- **Exercise**: Output exactly the lines of the listing below that run from the line with "Manifestation pro avortement, Équateur" through the line with "Jeune asiatique touriste". No pictures.

- **Data records**:
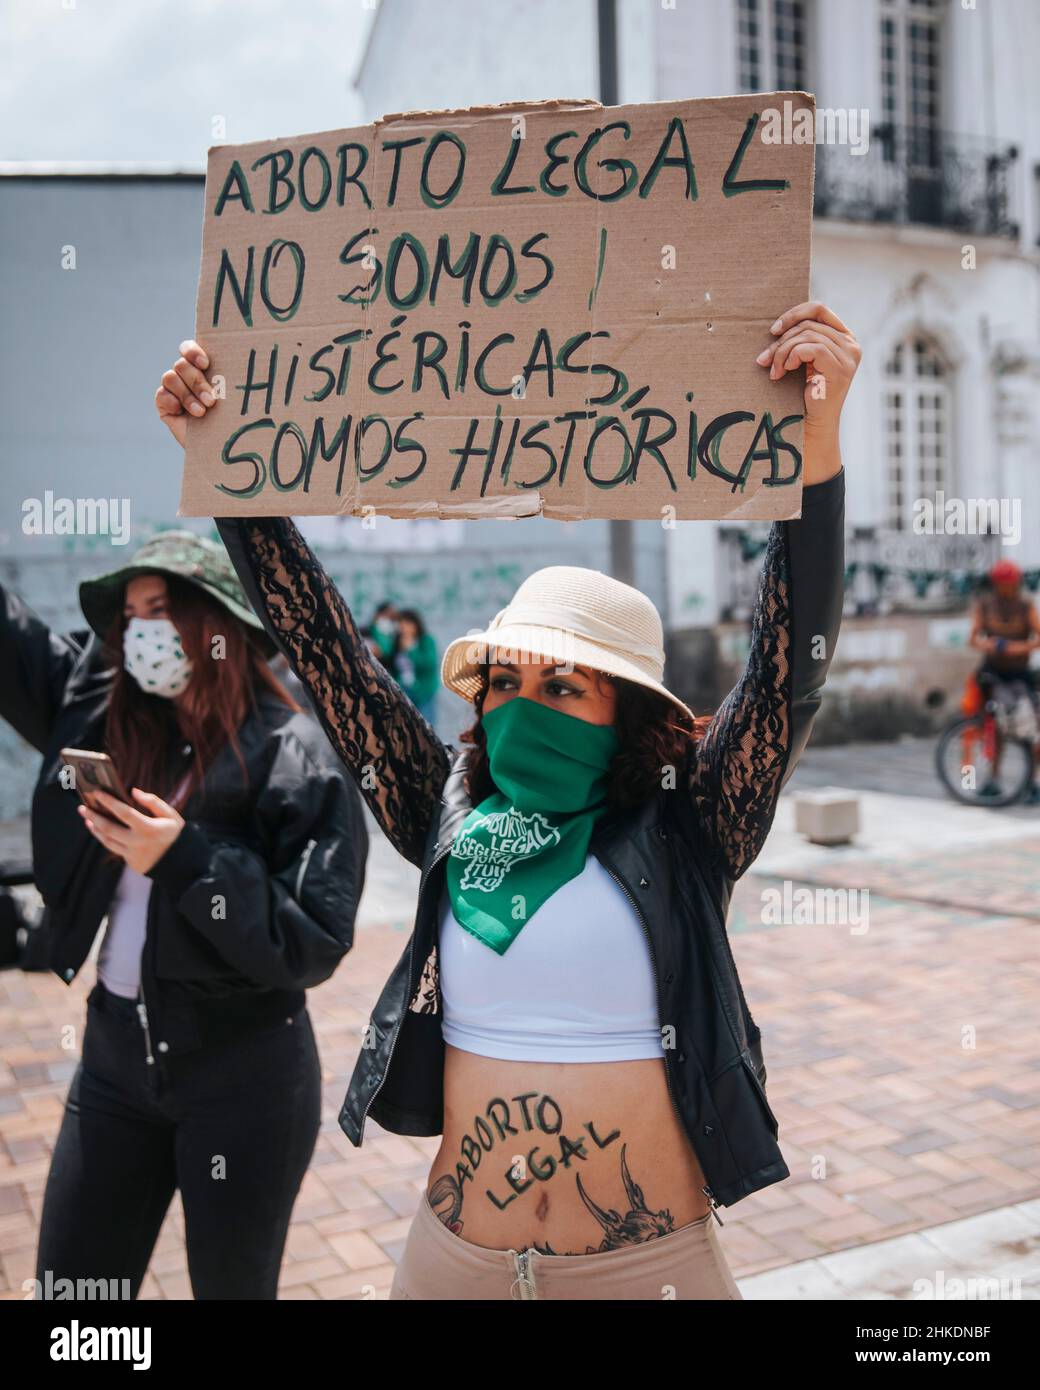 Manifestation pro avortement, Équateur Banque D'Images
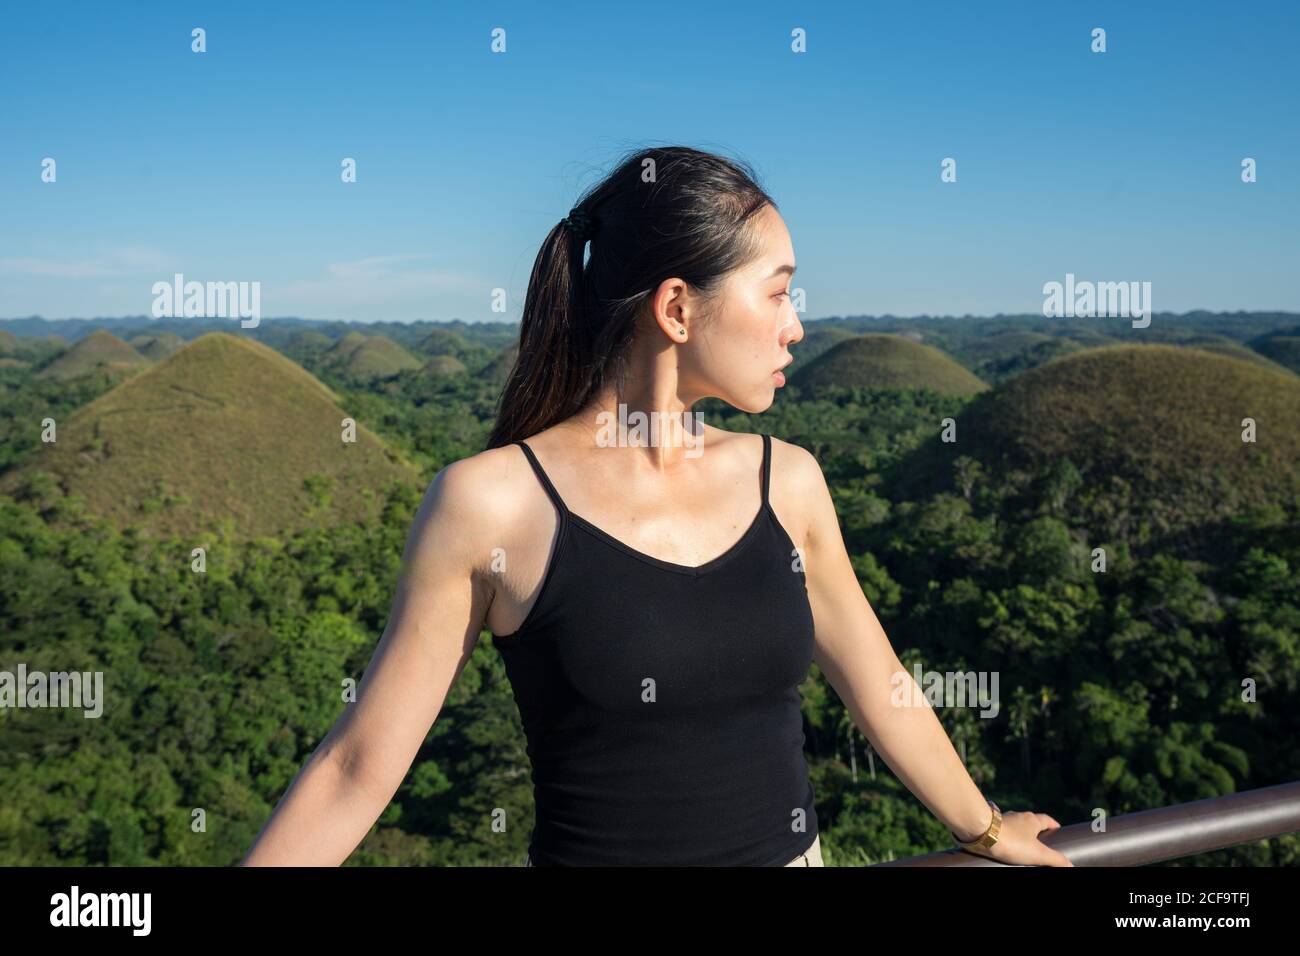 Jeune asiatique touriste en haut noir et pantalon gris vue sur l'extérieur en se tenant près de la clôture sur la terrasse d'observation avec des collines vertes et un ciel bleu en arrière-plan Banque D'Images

==

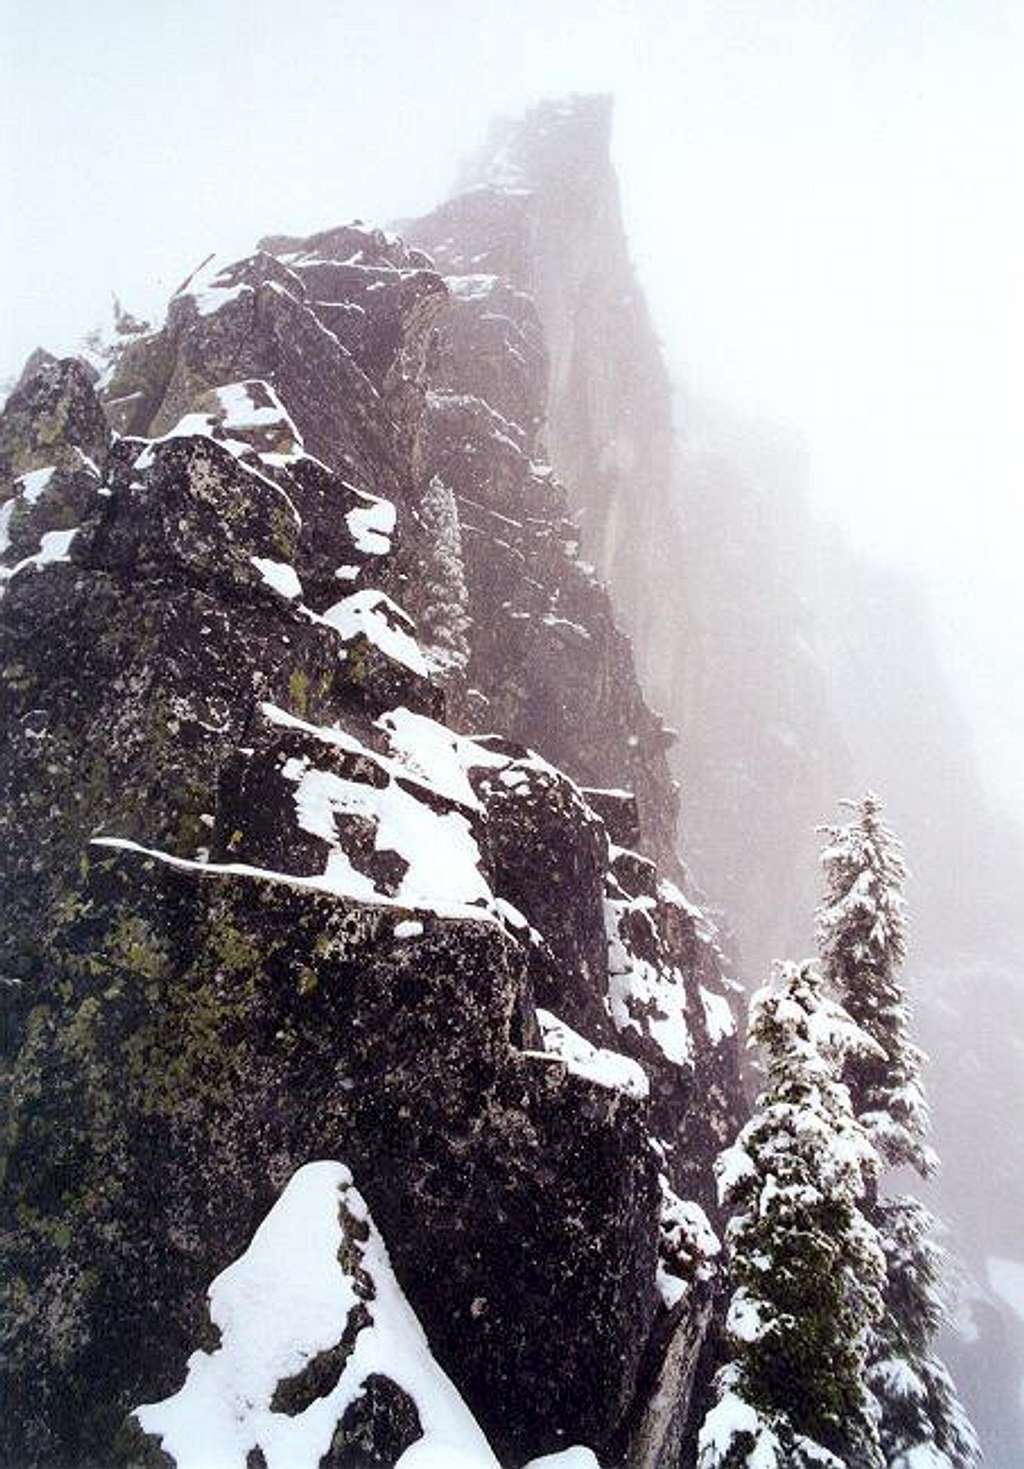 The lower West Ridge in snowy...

---

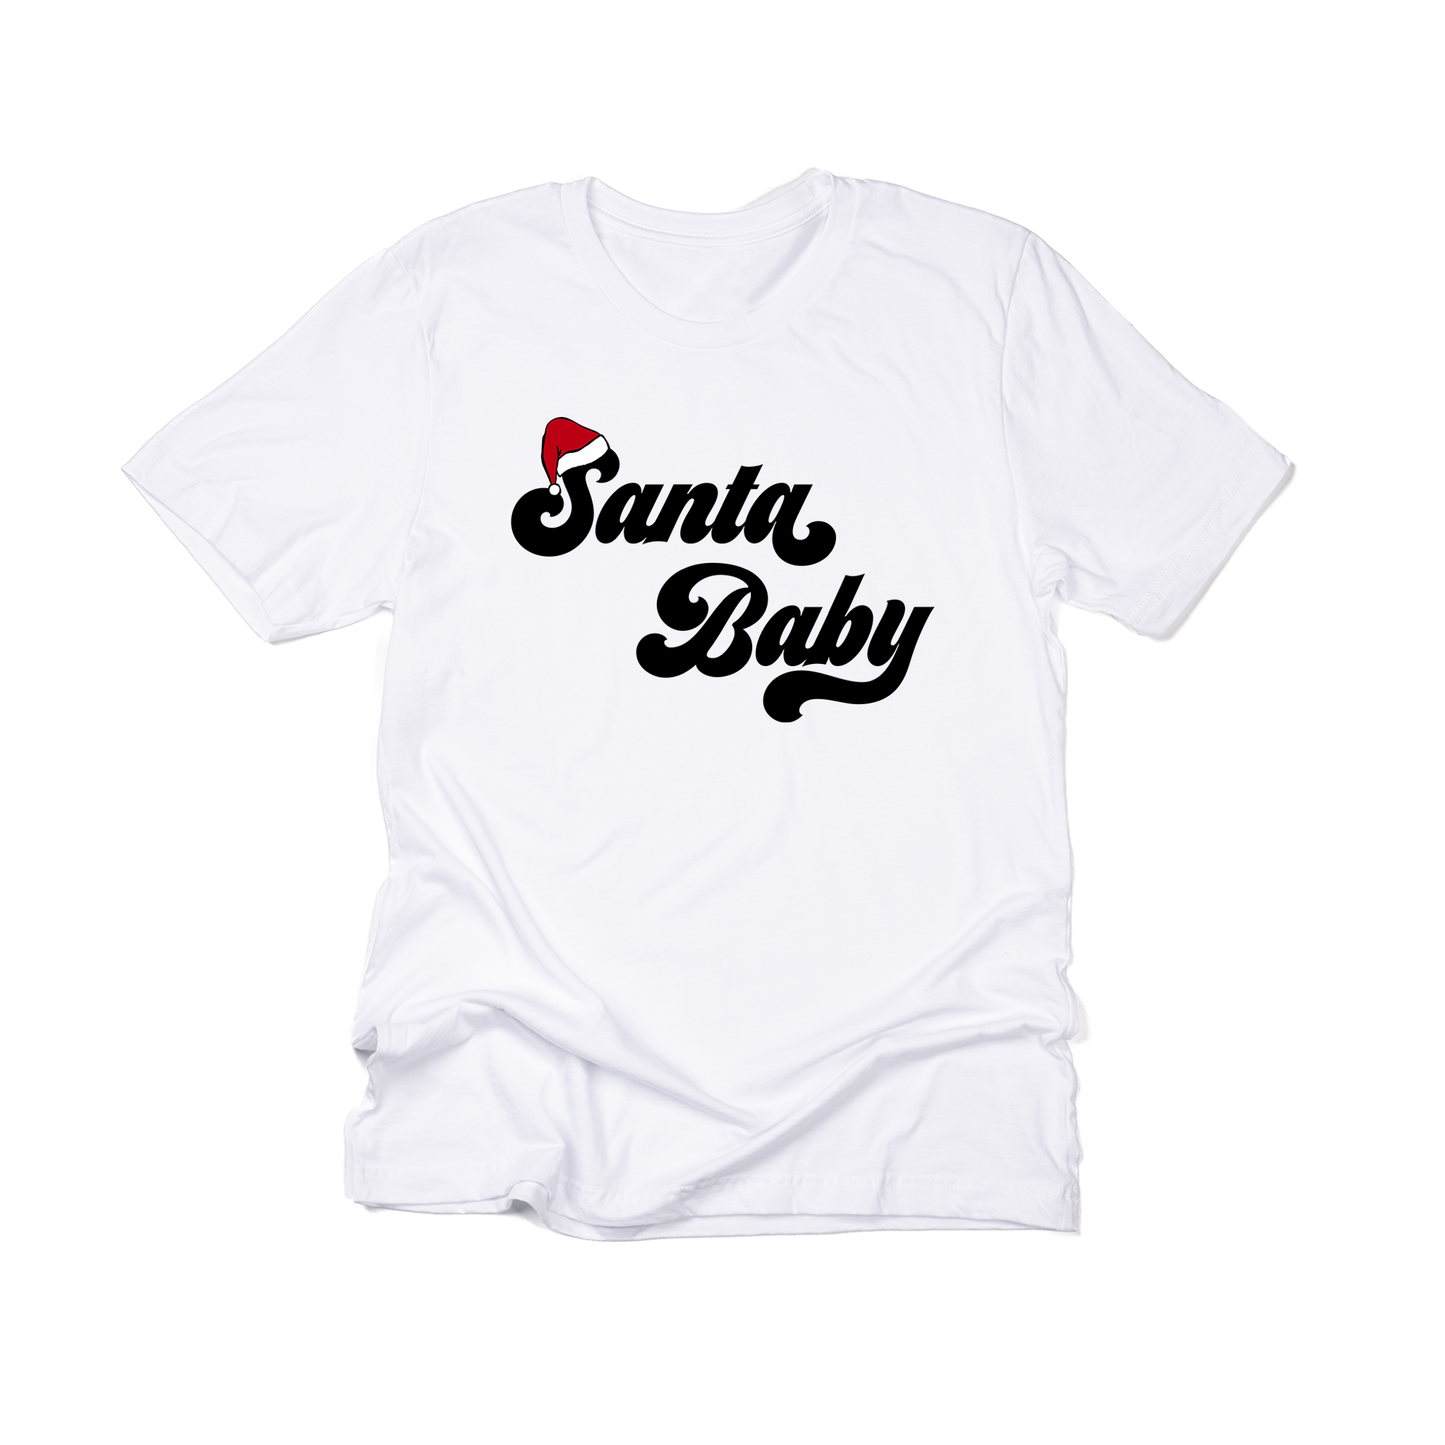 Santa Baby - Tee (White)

- **Response for this exercise**:
 Manifestation pro avortement, Équateur Banque D'Images
 Jeune asiatique touriste en haut noir et pantalon gris vue sur l'extérieur en se tenant près de la clôture sur la terrasse d'observation avec des collines vertes et un ciel bleu en arrière-plan Banque D'Images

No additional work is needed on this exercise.